Molecular interactions of melatonin with lipid rafts

Dima Bolmatov; Maxim Lavrentovich; Russel J. Reiter

doi:10.32794/mr112500123

Dima Bolmatov Department of Physics and Astronomy, University of Tennessee, Knoxville, TN 37996 & Shu ll-Wollan Center, Oak Ridge National Laboratory, Oak Ridge, TN 37831, USA
Maxim Lavrentovich Department of Physics and Astronomy, University of Tennessee, Knoxville, TN 37996, USA
Russel J. Reiter Department of Cell Systems and Anatomy, UT Health, San Antonio, TX 78229, USA

DOI: https://doi.org/10.32794/mr112500123

Keywords: lipid rafts, phospholipid membranes, melatonin, molecular interactions, structure, dynamics

Abstract

Biological membranes are composed of a lipid bilayer with a heterogeneous structure and complex dynamics, both of which can be modulated by the presence of melatonin.

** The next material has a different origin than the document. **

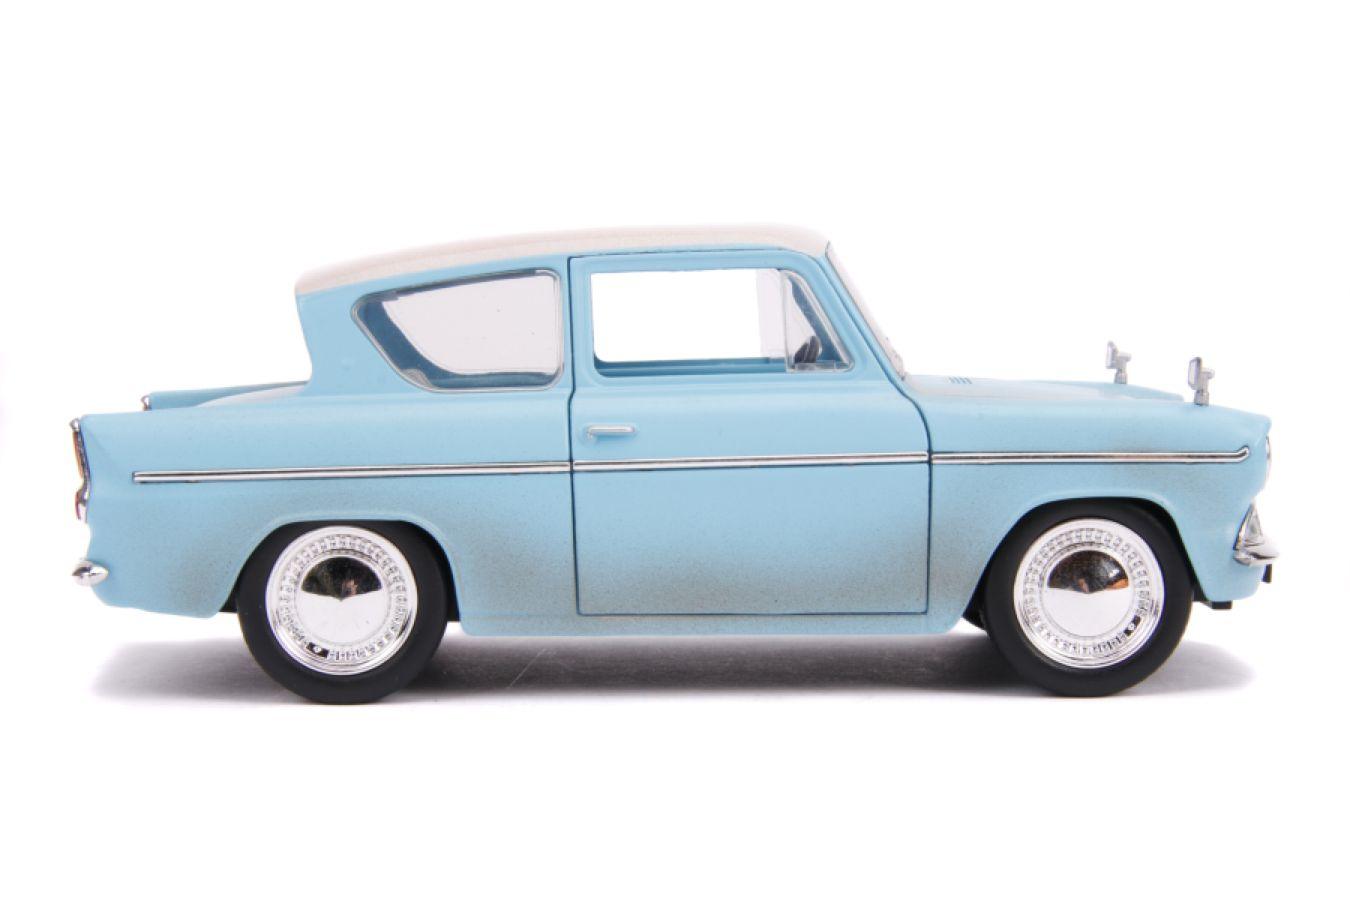 JAD31127 Harry Potter - 1959 Ford Anglia 1:24 Hollywood Ride Diecast Vehicle - Jada Toys - Titan Pop Culture

The lateral heterogeneities in lipid bilayers, also known as lipid rafts, have unique molecular interactions with melatonin, which we review here. Specifically, we discuss the molecular-level, physicochemical influences of melatonin on dynamics of lipid rafts and their structural properties, including melatonin’s propensity to preserve the structural integrity of lipid rafts at different length scales, as revealed through a range of experimental techniques and theoretical approaches.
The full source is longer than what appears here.